I wasn't sure how it would be listening to Paradise Lost, but it went better than expected. The audiobook by Blackstone, read by Ralph Cosham, hits a good middle ground between poetic rhythm and shaped-phrase listenability. I was able to follow most of the action as I drove, and any classical or biblical allusions that I missed are fully mea culpa. The one thing that was hardest to follow was when a new character spoke or when the subject of a long passage changed, and my one thought as a listener is something in the shape of phrase or rhythm might be able to convey that better. But as it was, this was as clear as listening to a good rendition of Shakespeare.
As for the content, well, how can I review that? It is interesting to note that what Milton's doing here is similar to midrash or to the book on the resurrection by Fabrice Hadjadj that I just read: he's filling in the gaps between the bible verses and interpreting them. He is asking the big questions, like Dante, and I wish I had read more of this stuff growing up, although I probably wouldn't have appreciated it nearly as much. But for teenagers asking the big questions, shouldn't they be exposed to these things?
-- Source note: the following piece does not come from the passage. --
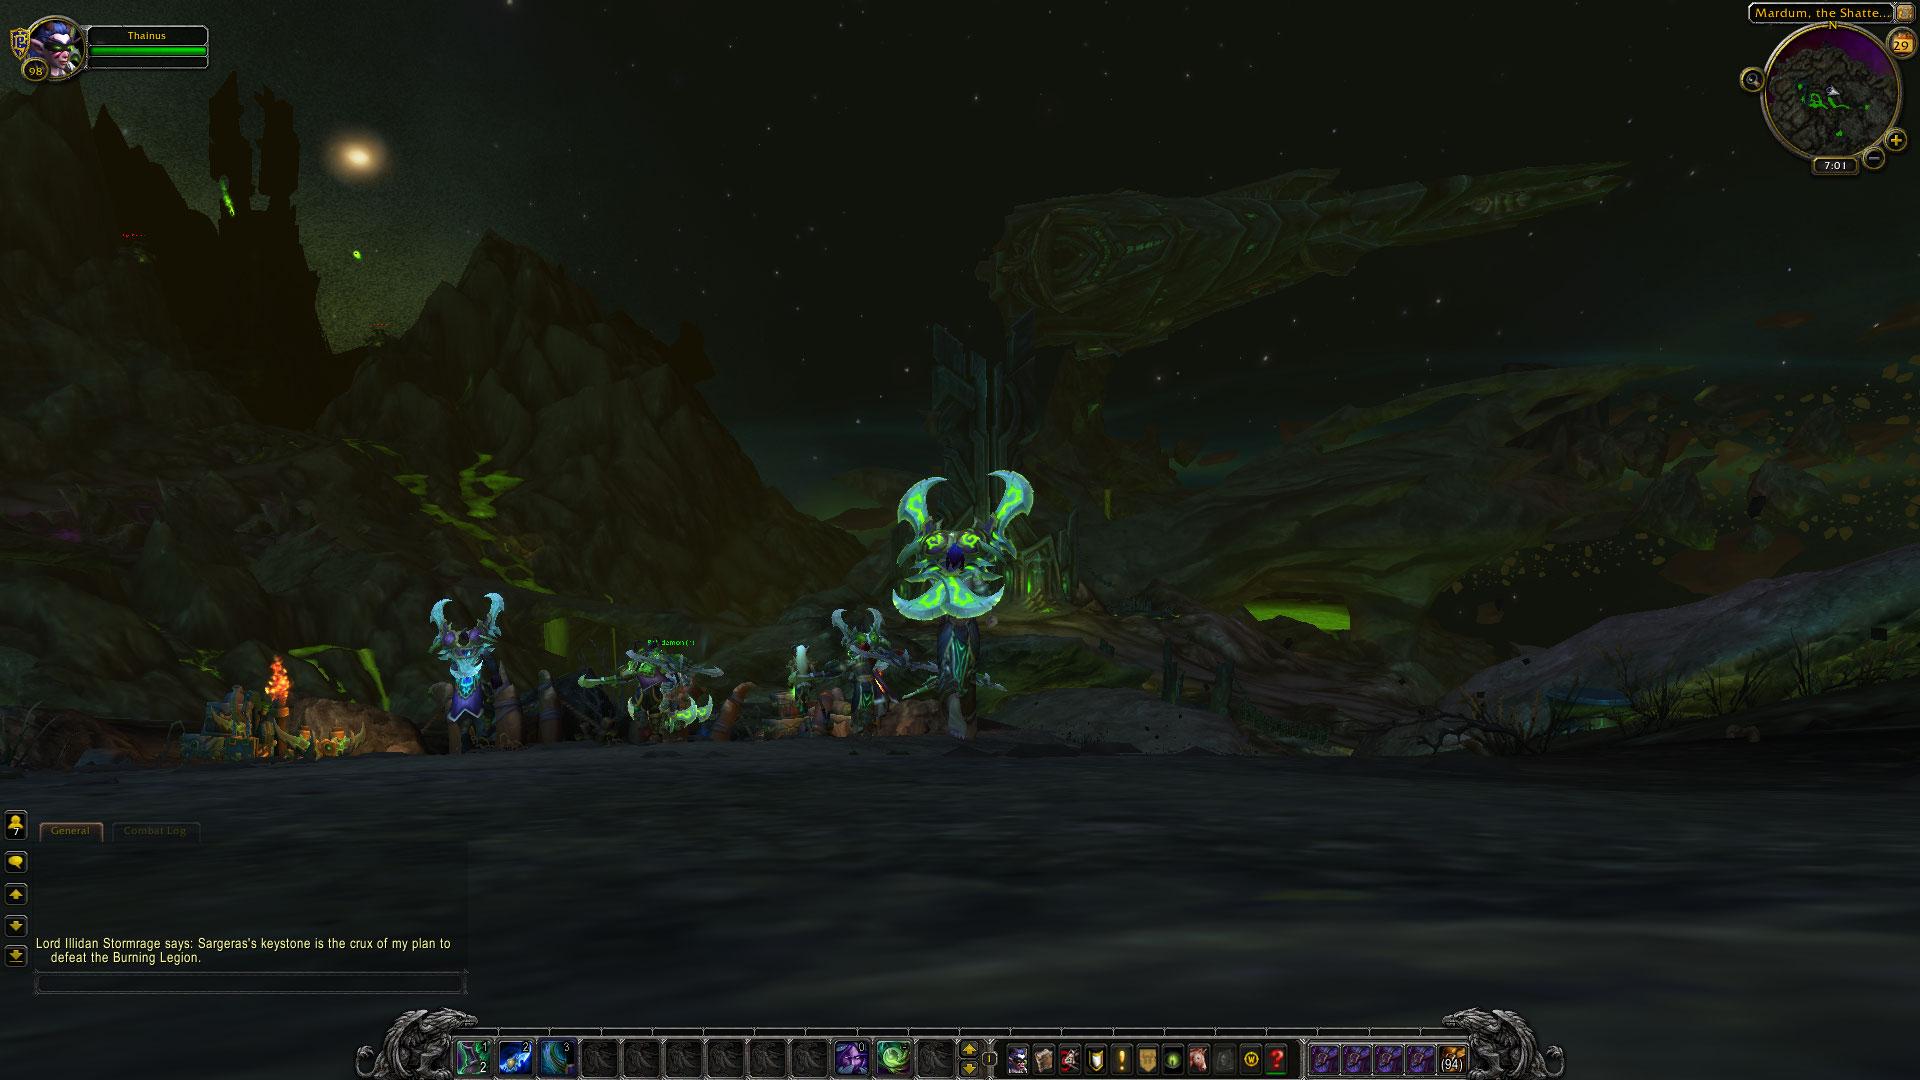 World of Warcraft: Legion fotoseriál - Plamenná legie přichází 129823

Milton's vision of the Fall has shaped us much more than we know. I've always been a little mystified by how insistent some people are that there could be no death of any kind before the Fall, because it's not really emphasized in scripture in my reading as much as people seem to think. Well, it IS emphasized in Milton, but I noticed a few indications that it's not as important to Milton as people seem to think, and that the presence of animal death before the Fall shouldn't be as big of a stumbling block as it seems to be.
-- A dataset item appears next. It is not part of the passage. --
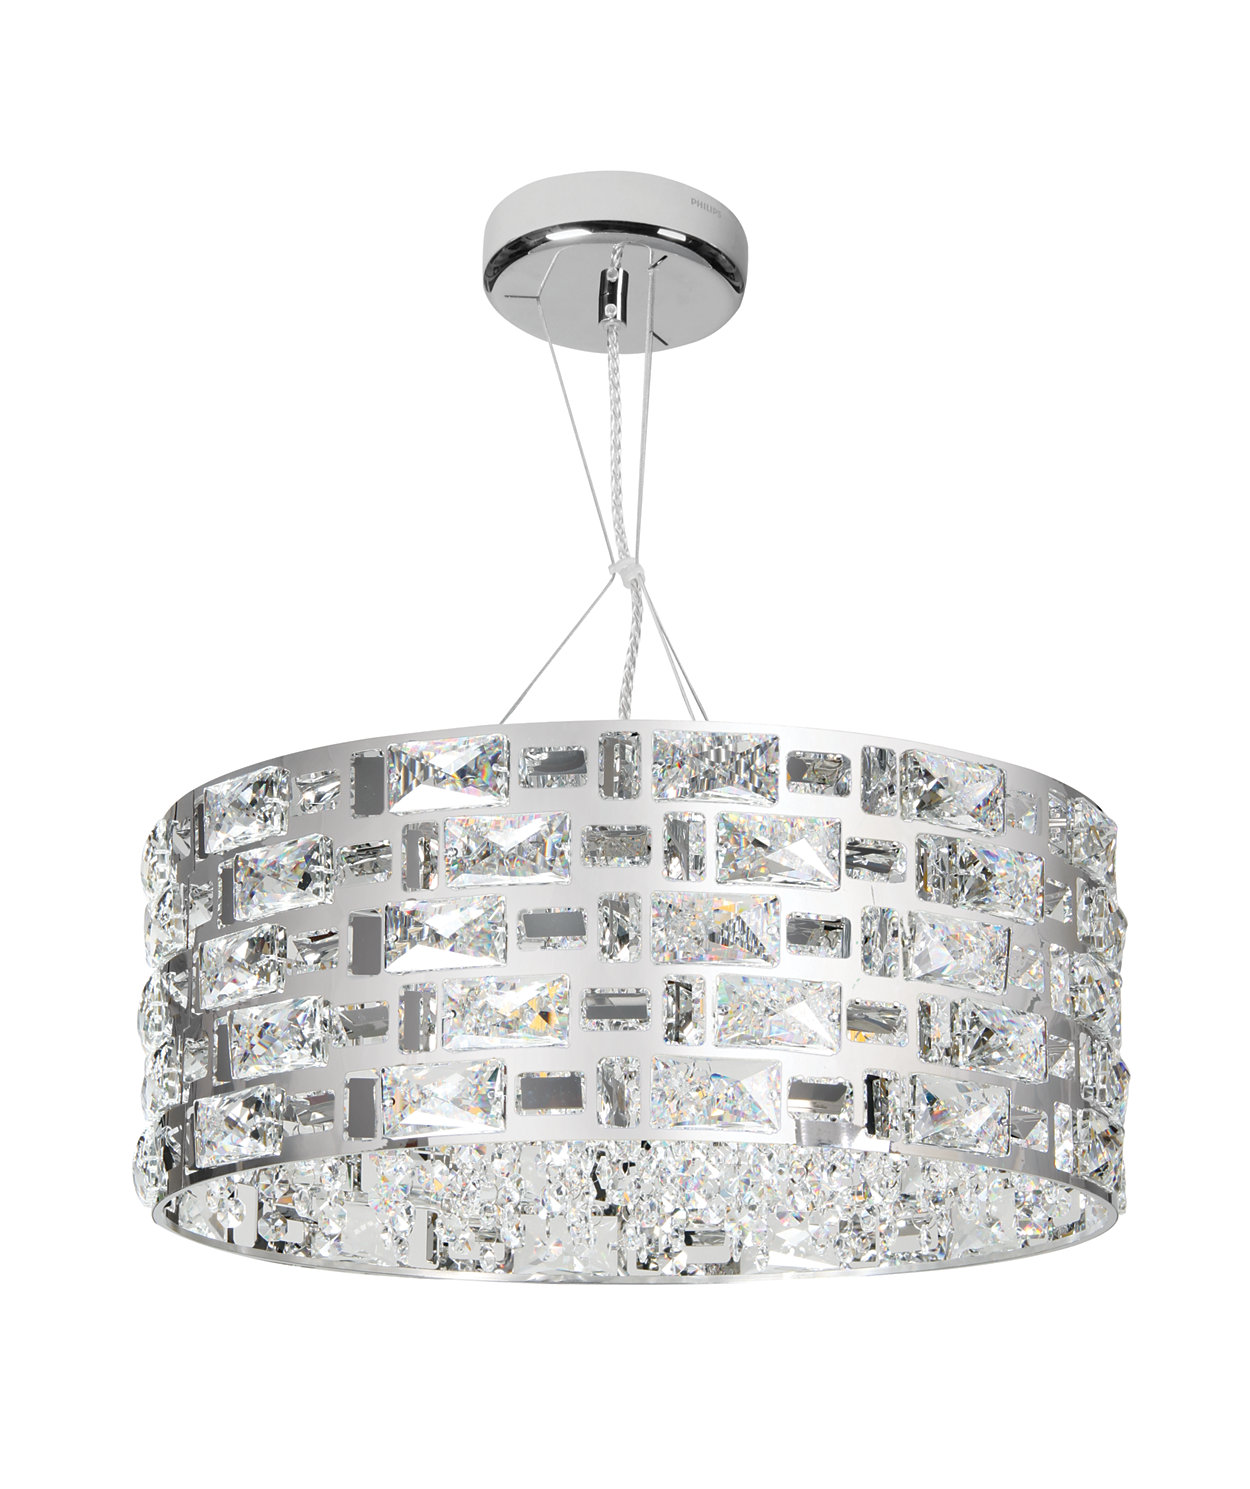 Contemporary design to compliment home décor

Also, the language is gorgeous, and the character of Satan is diabolically intriguing. Hollywood screenwriters should take note -- THIS is how you write a good villain, entirely believable, entirely inventive, yet also entirely evil. The treatment of Eve is a low point for me. I just can't interpret some of her character as anything but misogyny. I don't get nearly as much of that vibe from Shakespeare, for example, and it was the part that bugged me most as a modern reader.
At the end of the day, this gets me thinking about the big questions and arguing with Milton, and I think that's the way he wanted it. That's what literature is for.